蘭侖的身體似乎感受到外界的傷害,體溫便突地升高了,連臉都要燒紅了。費雷斯卻視而不見,慢慢將花枝在蘭侖身邊劃成一個圓,將蘭侖從中間完整地刨出來。然後紅色光芒再次閃過,晶瑩的琥珀上映出蔣念的迷惑神情。

琥珀發出盛放的光芒,蘭侖睜開狹長的眸子,第一眼就看見蔣念因驚訝而微微睜大的眼睛。

“你救了我?”蘭侖的聲音帶著驚喜和難以置信。他的眼睛因為在琥珀之中被放大而更加精致漂亮,像是個才睡醒的洋娃娃。

蔣念垂下眼,這次空白的眩暈裏似乎有了一些記憶,只是太模糊而不能確認。她十分迷惑,最後才有些不自然地提拉了一下嘴角,連說話有些不自在:“是啊。”

------題外話------

。。。。。。打滾打滾,滾成一個薩摩耶。

三十七章 回城

這種時候蔣念是不可能說不是我救得你這種話的,這樣說出來九成是會被蘭侖弄死的。於是她又一次騙了這個炮灰同志。

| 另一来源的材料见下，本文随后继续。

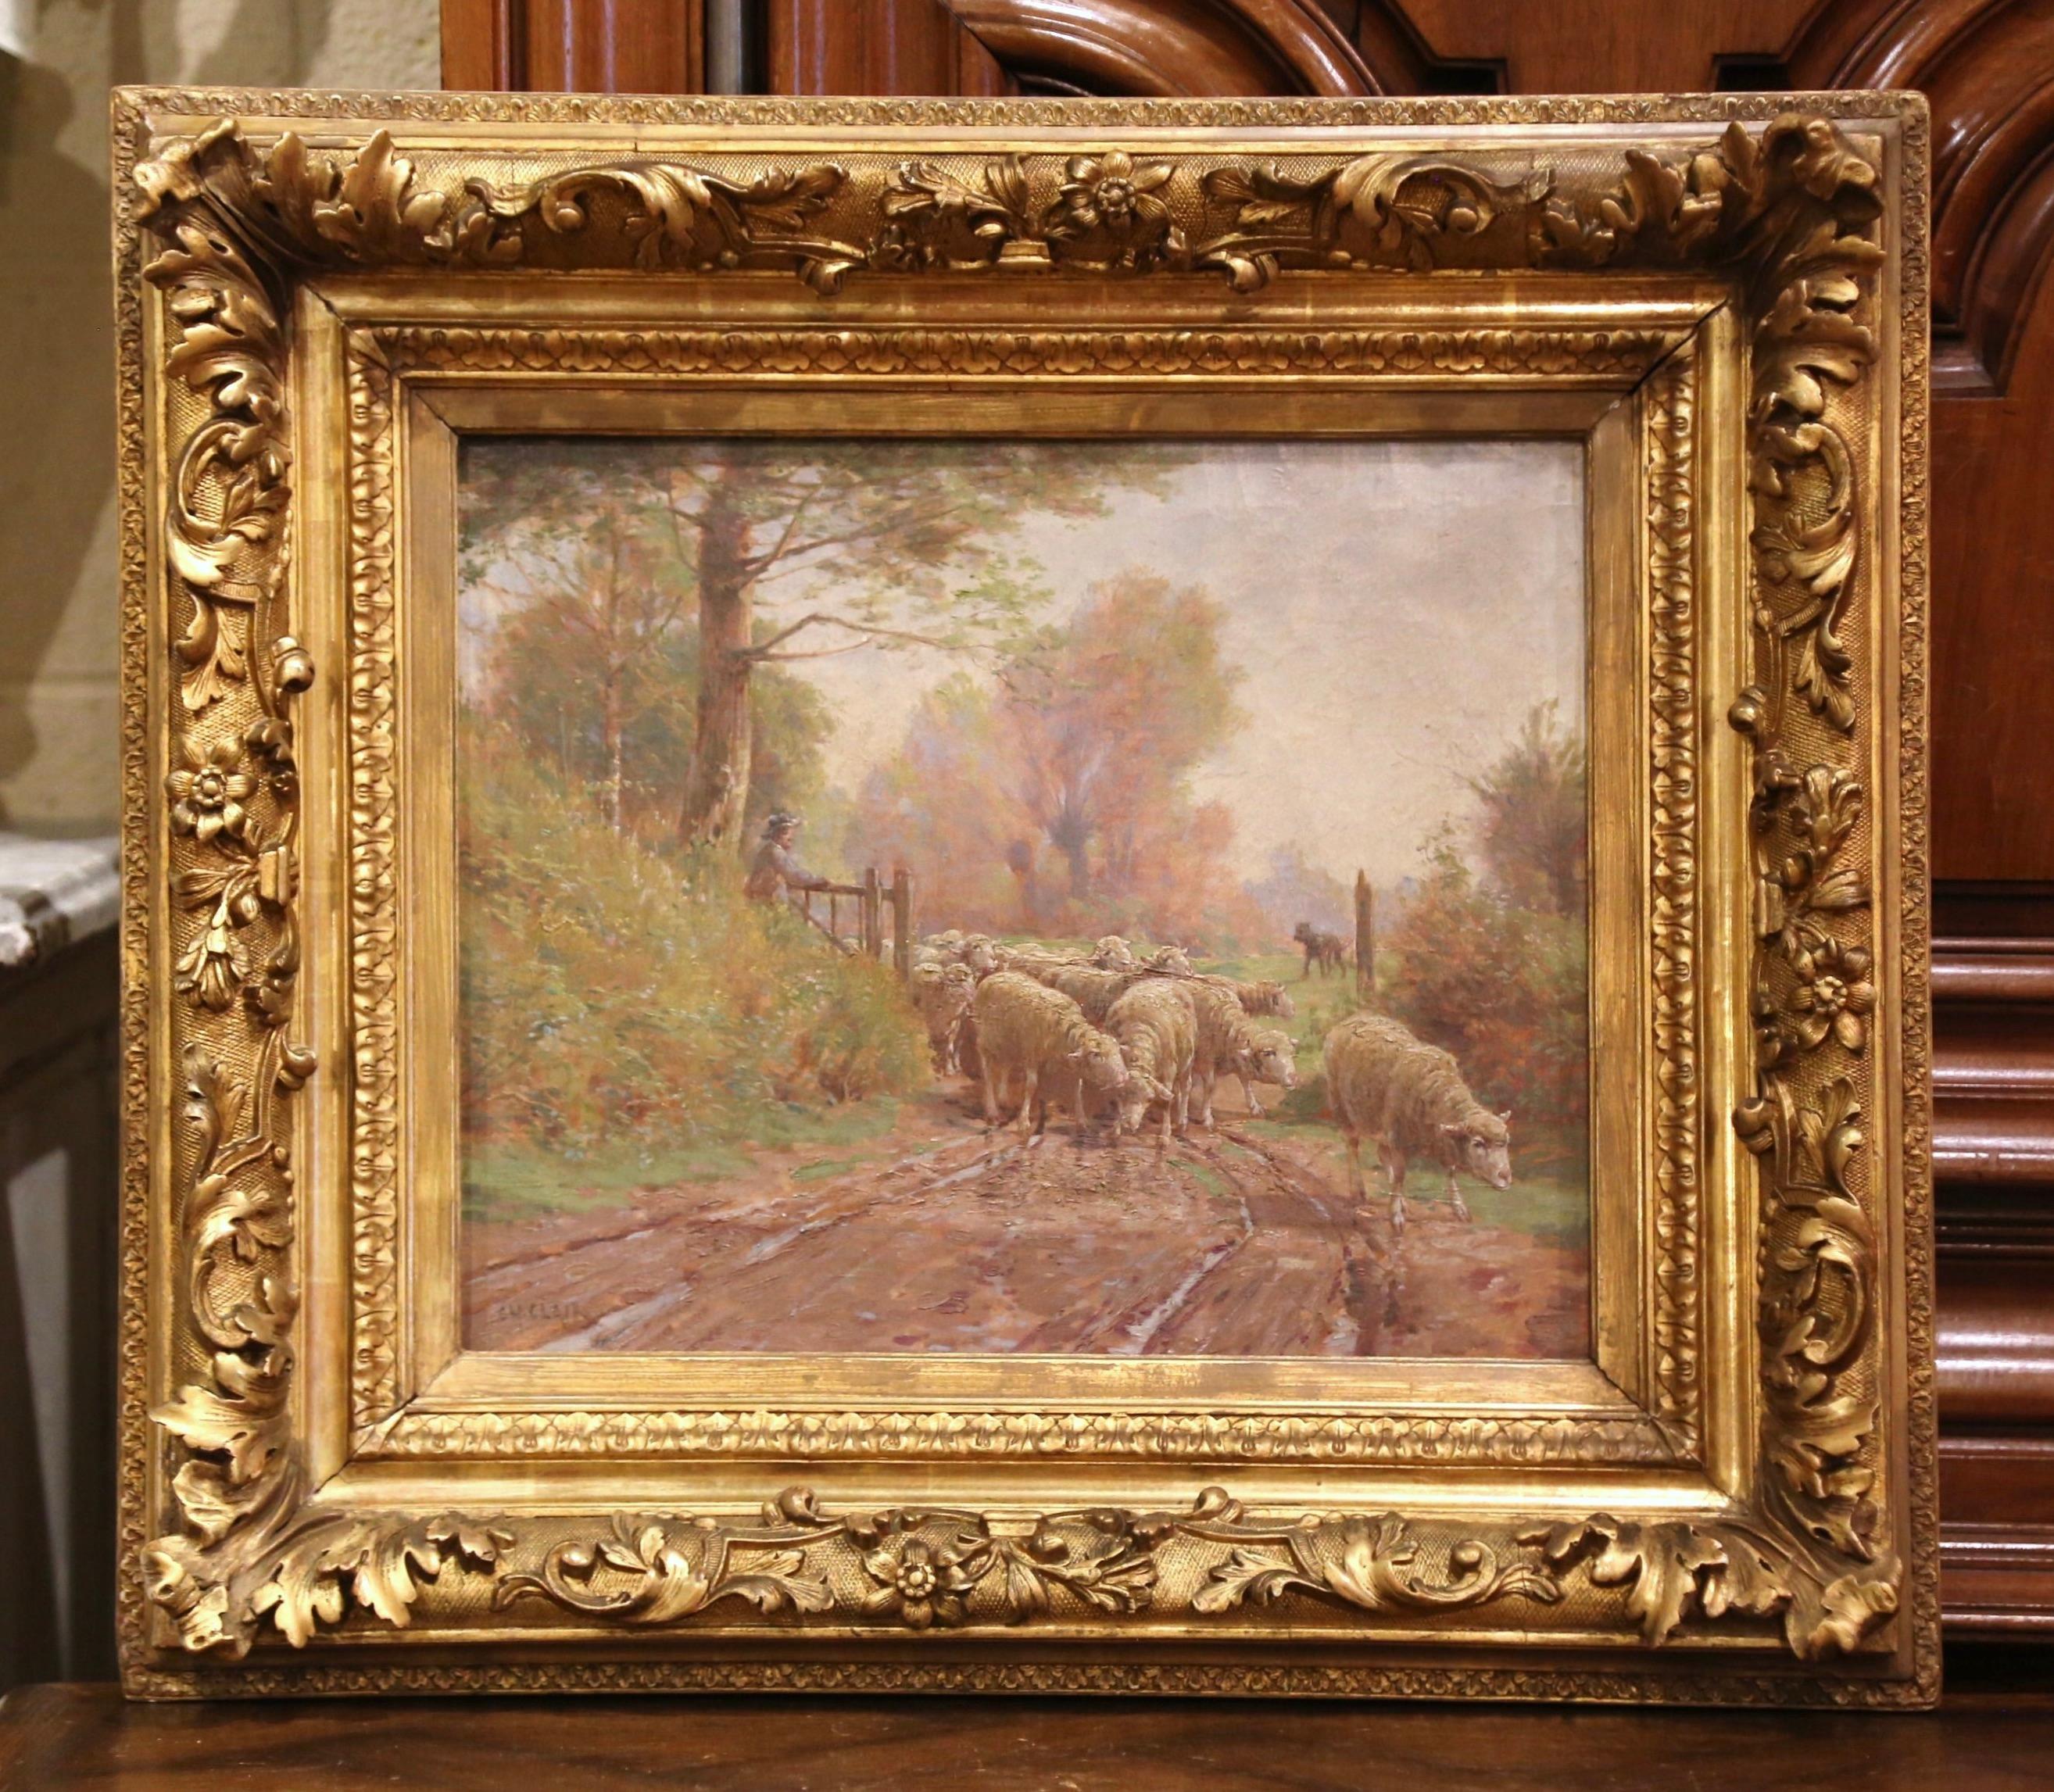 Giltwood 19th Century French Sheep Painting in Carved Gilt Frame Signed Charles Clair For Sale

蘭侖顯然是非常高興,臉都紅得不正常。但是他還沒有激動完,又想到自己現在的處境,神情便迅速冷卻了下來。他轉身看著那個大型的琥珀,看了幾眼又突然轉回來問道:“你是怎麽把我弄出來的……。親親?”一開始他聲音有些陰冷,後來註意到是蔣念以後才又慢慢放緩語氣。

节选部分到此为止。